[Question] Load an rl_games trained model for real robot deployment and control frequency setup #938

dhruvkm2402 · 2024-09-04T19:28:20Z

dhruvkm2402
Sep 4, 2024

Hello,
I have a trained rl_games model and I want to load it to use it with ROS. The model does not function correctly at all which I can understand could be because of several reasons. However I wanted to confirm if the process loading the rl_games model trained in Isaac Lab could be different.
Here is the code:

class LoadModel(nn.Module):
    def __init__(self):
        super(LoadModel, self).__init__()
   
        self.fc1 = nn.Linear(22, 256)
        self.fc2 = nn.Linear(256, 128)
        self.fc3 = nn.Linear(128, 64)
        self.fc4 = nn.Linear(64, 7)

    def forward(self, x):
        x = torch.nn.ELU()(self.fc1(x))
        x = torch.nn.ELU()(self.fc2(x))
        x = torch.nn.ELU()(self.fc3(x))
        x = self.fc4(x)
        return x

And then we load it as

        self.model_path = args.model_path
        #torch.save(self.model.state_dict(), self.model_path)
        # print(self.model_path)
        self.model.load_state_dict(torch.load(self.model_path), strict=False)
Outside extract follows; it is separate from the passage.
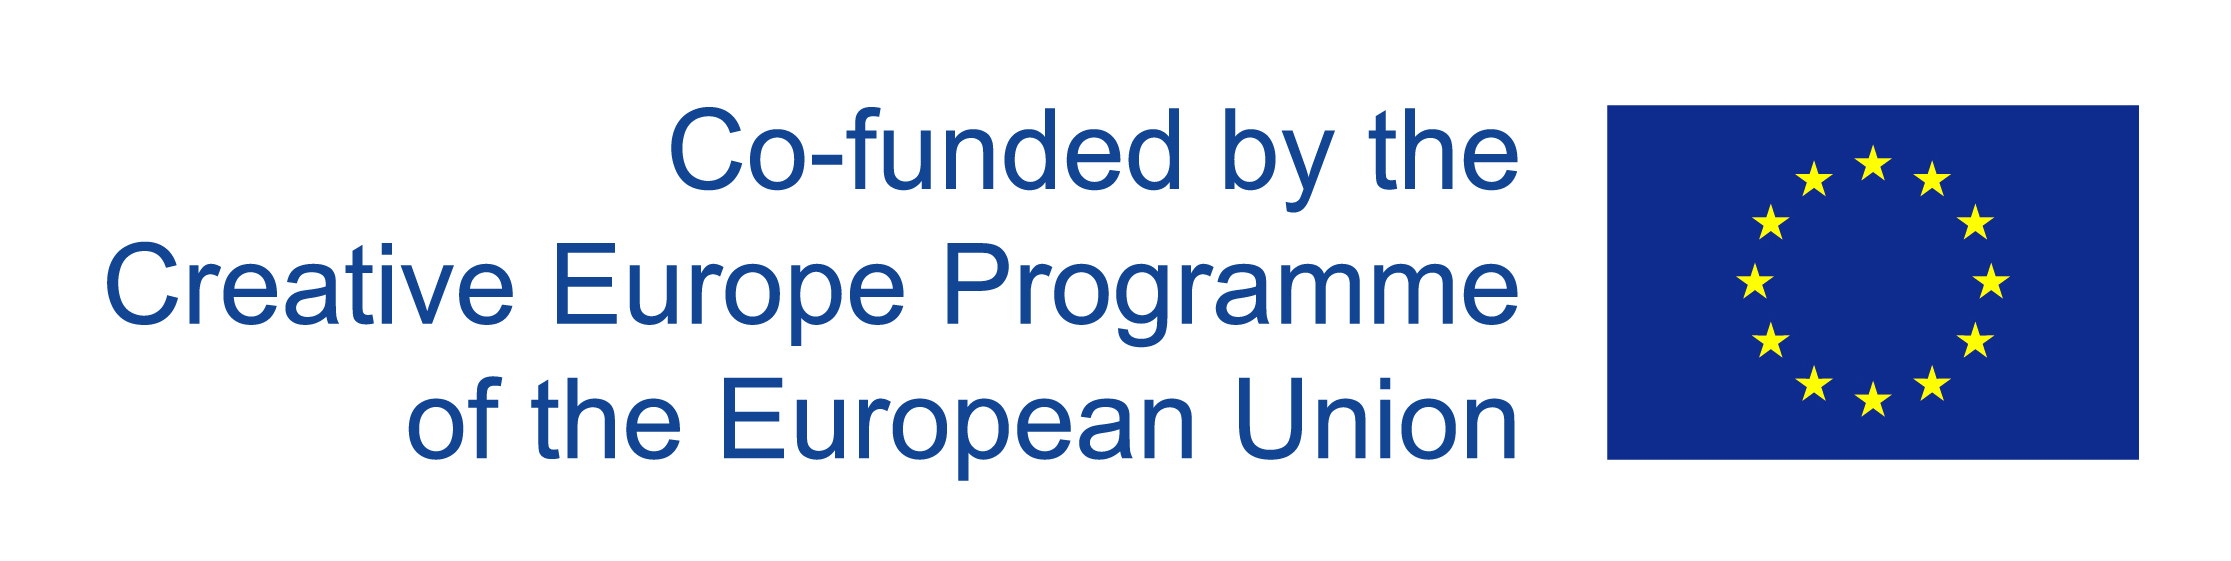 eu_flag_creative_europe_co_funded_pos_[rgb]_left.jpg

We had to use strict=False because of missing keys error.

I have to send the control commands at 10 Hz and receive observations accordingly. I have kept dt=1/120 and decimation as 12, is that setup correct?
I'd like to get quick help on it if possible since I'm aiming it to be a part of my research.
Thank You

Answered by akruzliak

Sep 6, 2024

Line 101: https://github.com/isaac-sim/IsaacLab/blob/788a061d57ead17ff669eccce3d776fbccc59790/source/standalone/workflows/rsl_rl/play.py#L101 Jit scripted model exporting.

View full answer

Mayankm96 · 2024-09-05T07:57:36Z

Mayankm96
Sep 5, 2024
Maintainer

I don't think this is a IsaacLab specific issue.
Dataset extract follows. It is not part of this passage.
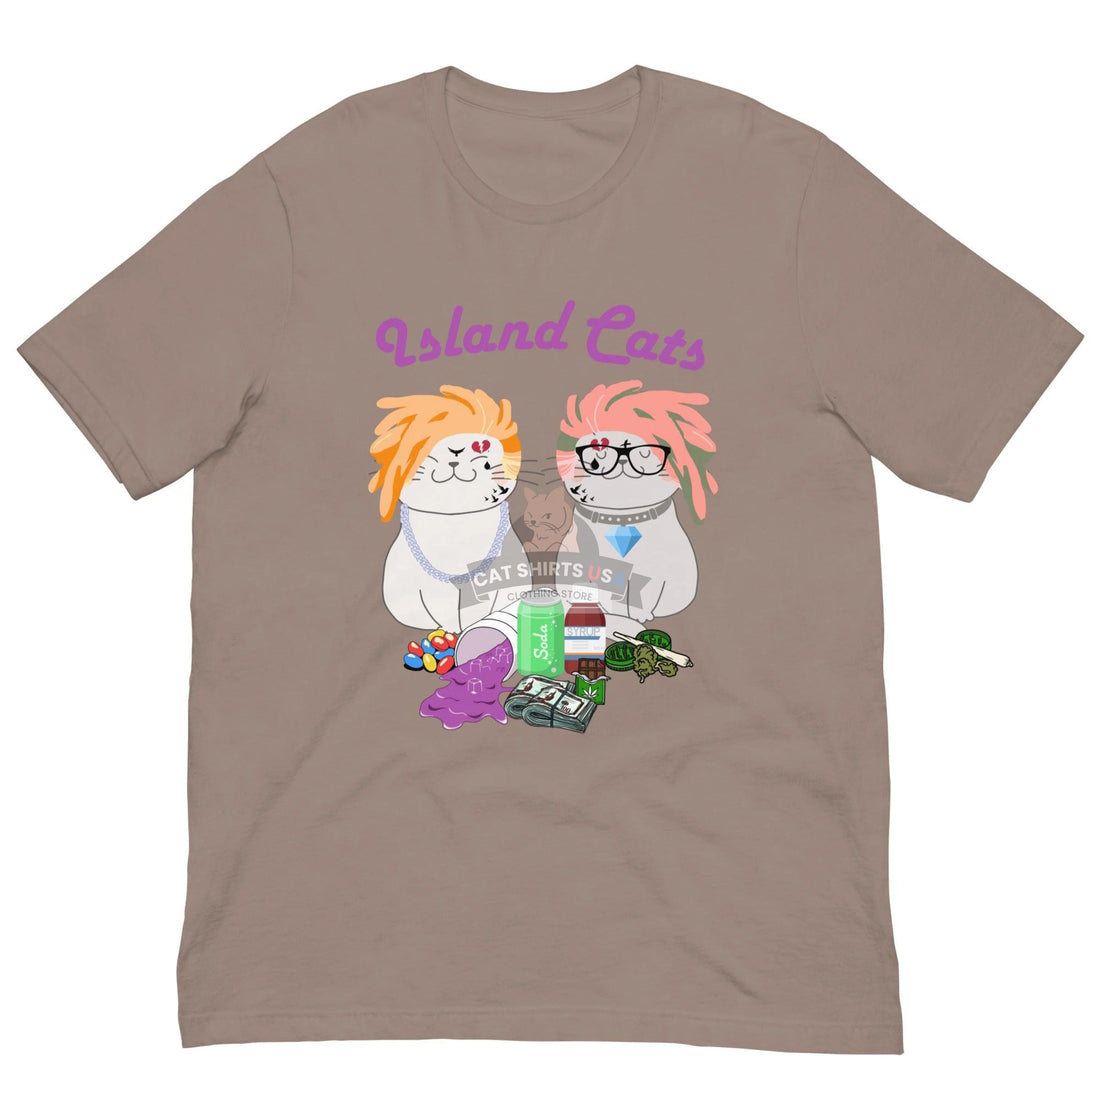 Island Cats Cat Shirt - Cat Shirts USA

RL-Games provides the checkpoint of the model, and you need to load this checkpoint into your deployment code ideally while considering real-time control interfaces for your robot. The way you're doing above seems okay. But it is better to check with RL-Games developers if the above is correct.

Usually, in my experience, most robots have a C++ control layer that is updated at the highest possible actuator frequency (for instance, 400Hz on ANYmal). We add the network inference in this control loop to make sure the policy is called at the exact frequency. Otherwise, real-time control can become difficult. Most groups make an ONNX model and load that policy for inferencing.
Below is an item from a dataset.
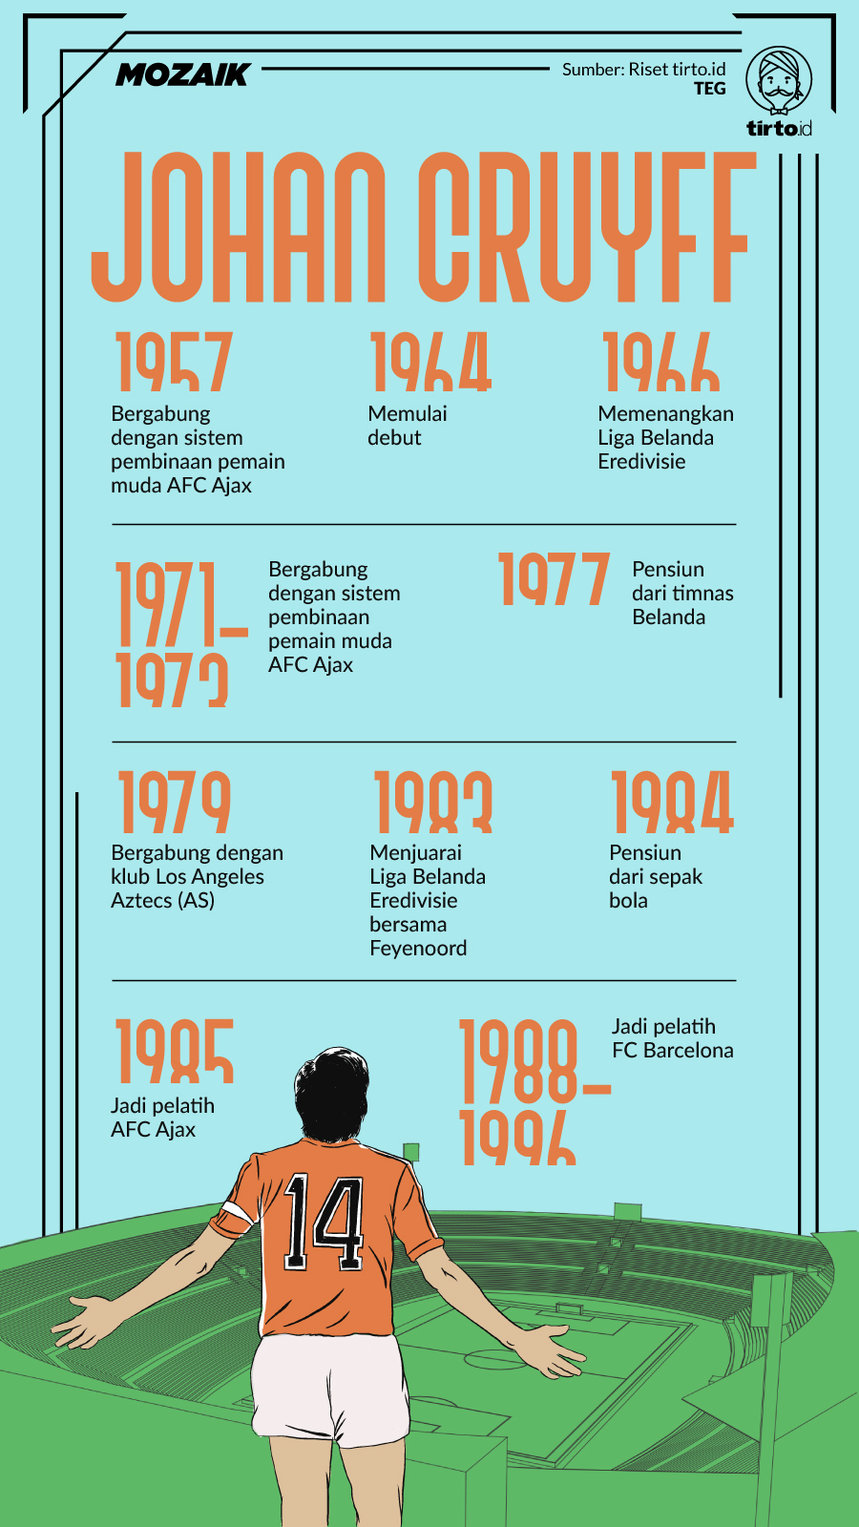 Infografik Mozaik Johan Cruyff

I haven't personally done real-time control through Python, so I can't comment on whether the "decimation" loop that you're doing will work effectively.

1 reply

dhruvkm2402 Sep 6, 2024
Author

Thank you @Mayankm96 for your response

akruzliak · 2024-09-05T09:53:37Z

akruzliak
Sep 5, 2024

Hi @dhruvkm2402, you might benefit from exporting and loading a scripted model instead of the state dict. In that way, its less hassle. I am not sure if there is this option implemented already in rl_games, but there is an option implemented in rsl_rl workflow.

For the second part, yes its possible to run the inference on python.
Those facts are important:

You run your physical actuator at the same rate that the physics is simulated in IsaacSim. So your realtime dt must be the same (measure it!) as is the physics_dt you trained on.
Your real-life policy inference should come at the same frequency you updated the environment in the simulation (called environment_step or environment_dt or smth like that, its computed as physics_dt * decimation. If you train on one environment frequency and deploy on another envirronment frequency, I assume your policy could be confused, because the physical observations all of a sudden change slower or faster. So effectively you would put the policy out of the "training domain".

2 replies

dhruvkm2402 Sep 6, 2024
Author

Hi @dhajnes , Thank you for your answer. Basically, I'm just sending high level commands to the robots. Do I still need to get information on the actuator frequency and use that for training?

dhruvkm2402 Sep 6, 2024
Author

And could you also point me to a reference example for the rsl_rl workflow you mentioned?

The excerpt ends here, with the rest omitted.